Professional Appointments Files (Series I) constitutes the bulk of the collection, and consists of: Massachusetts General Hospital administrative, research, and teaching records; Wellesley Human Relations Service administrative, committee, and research records; Harvard Medical School administrative, committee, and teaching records; Harvard School of Public Health teaching and curriculum planning records; and research, teaching, and administrative records for various other professional appointments held by Erich Lindemann. West End Research Project records (Series II) include research data, staff and advisory board meeting minutes, research and administrative reports, and collected publications related to research on the mental health and social implications of forced relocation during Boston's West End redevelopment. Professional Activities Files (Series III) contain membership correspondence, committee records, conference programs, and lecture transcripts related to Lindemann's service in various professional associations, including the Group for the Advancement of Psychiatry, the National Institute of Mental Health, and the World Health Organization. Writings and Publications (Series V) contain annotated and unannotated scientific paper reprints, manuscripts, and lecture transcripts by Lindemann relating to community mental health, preventive intervention, and other topics in psychiatry and mental health. Subject Files (Series VI) include: personal and professional correspondence; administrative and financial records of Massachusetts General Hospital Department of Psychiatry, Harvard Medical School, and Hall Mercer Hospital; and professional association correspondence and committee records. Audio-Visual Records (Series VII) consist of audio and audiovisual recordings of lectures by Lindemann and his colleagues, staff meetings of the Wellesley Human Relations Service and the West End Research Project, professional meetings and research seminars attended by Lindemann, and patient consultations. Papers also contain personal and professional correspondence with colleagues and friends, Lindemann's educational diplomas and medical certifications, and collected publications related to psychiatry and mental health (Series IV, VIII, and IX).
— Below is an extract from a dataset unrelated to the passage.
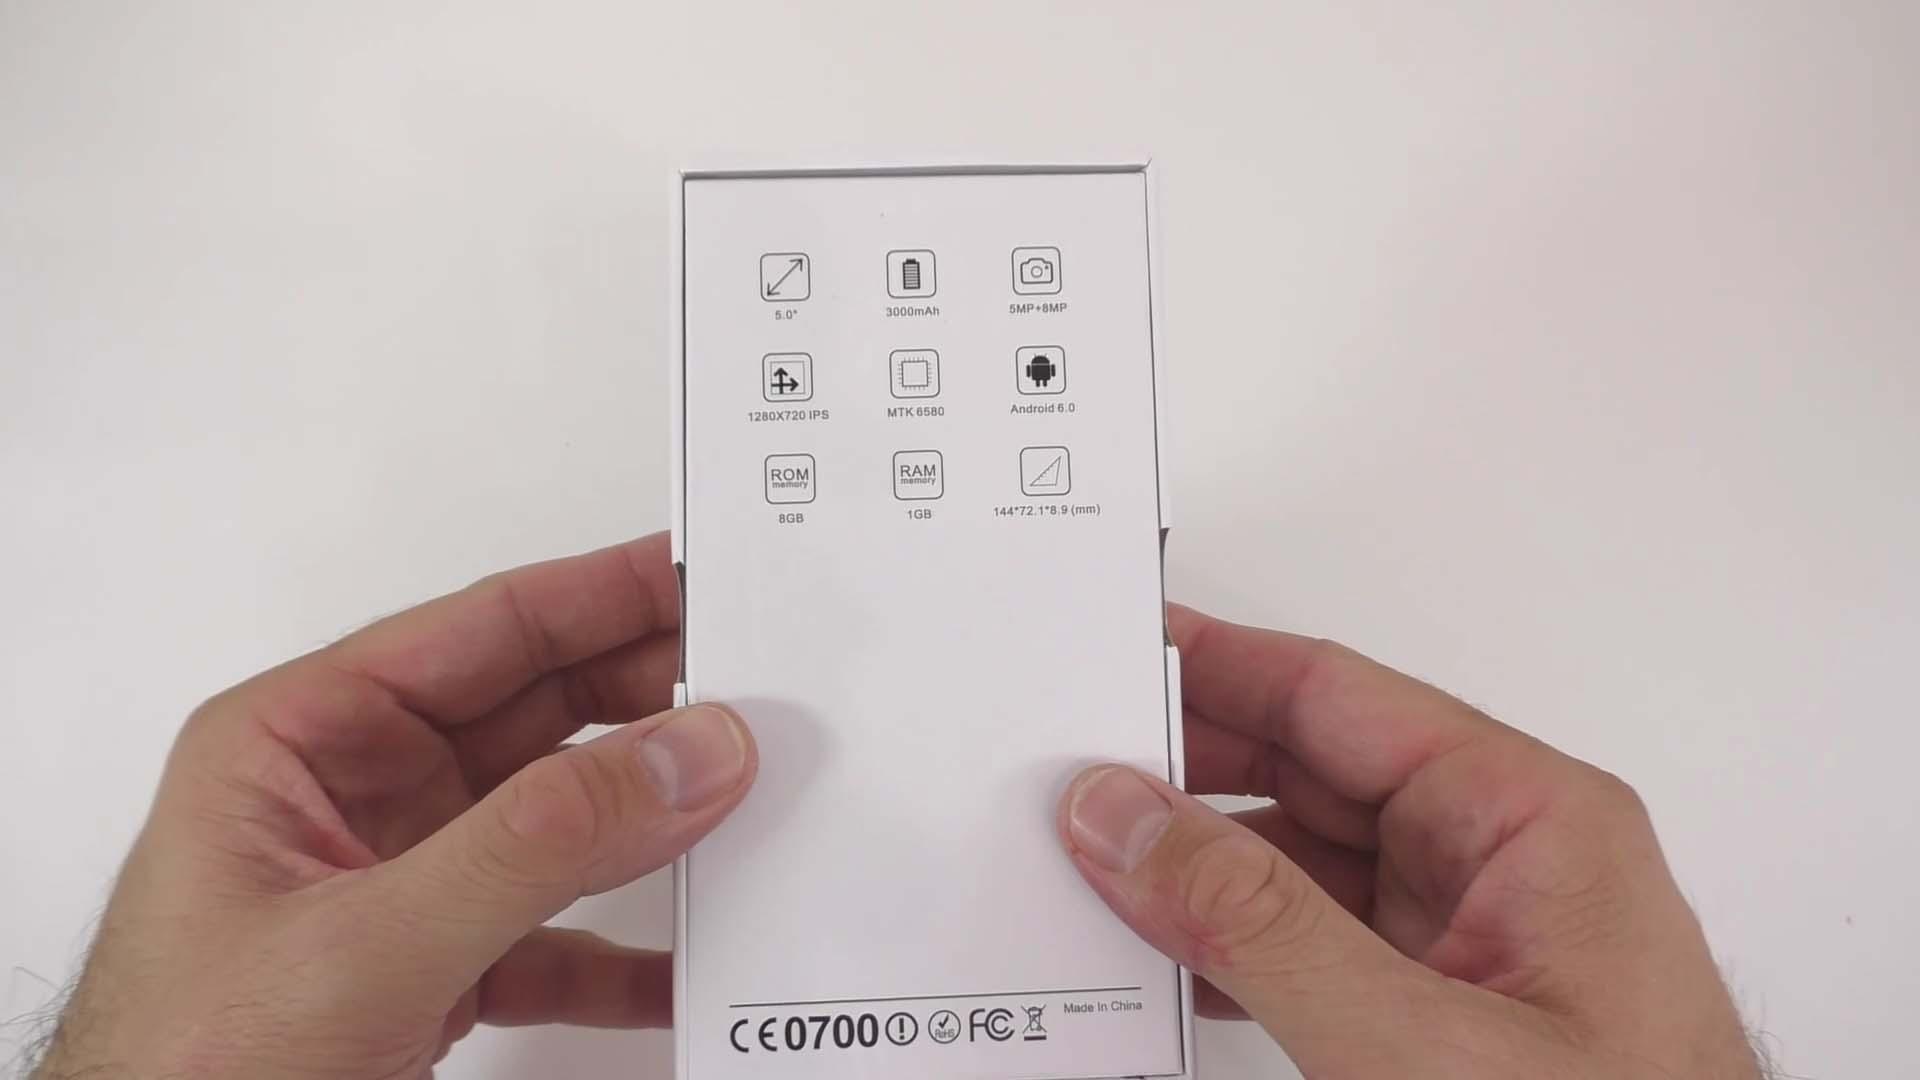 Basic Smartphone

The papers contain a number of access restriction types, to protect personal and institutional privacy. These types include: 80-year restrictions from the date of record creation for psychiatric/mental health patient records, medical patient records, personnel records, student records, and density of personally identifying information; and 50-year restrictions from the date of record creation for institutional records of Harvard University and its affiliates. The collection also contains a large number of audio-visual records, which are restricted to access until such a time as they can be converted to digital media. Once converted, restrictions will be determined based upon the recording's title, or as per the restrictions for the folder from which the recording was removed.
Papers are predominantly in English. Occasional correspondence and collected publications are in French, German, Greek, Italian, Portuguese, and Spanish.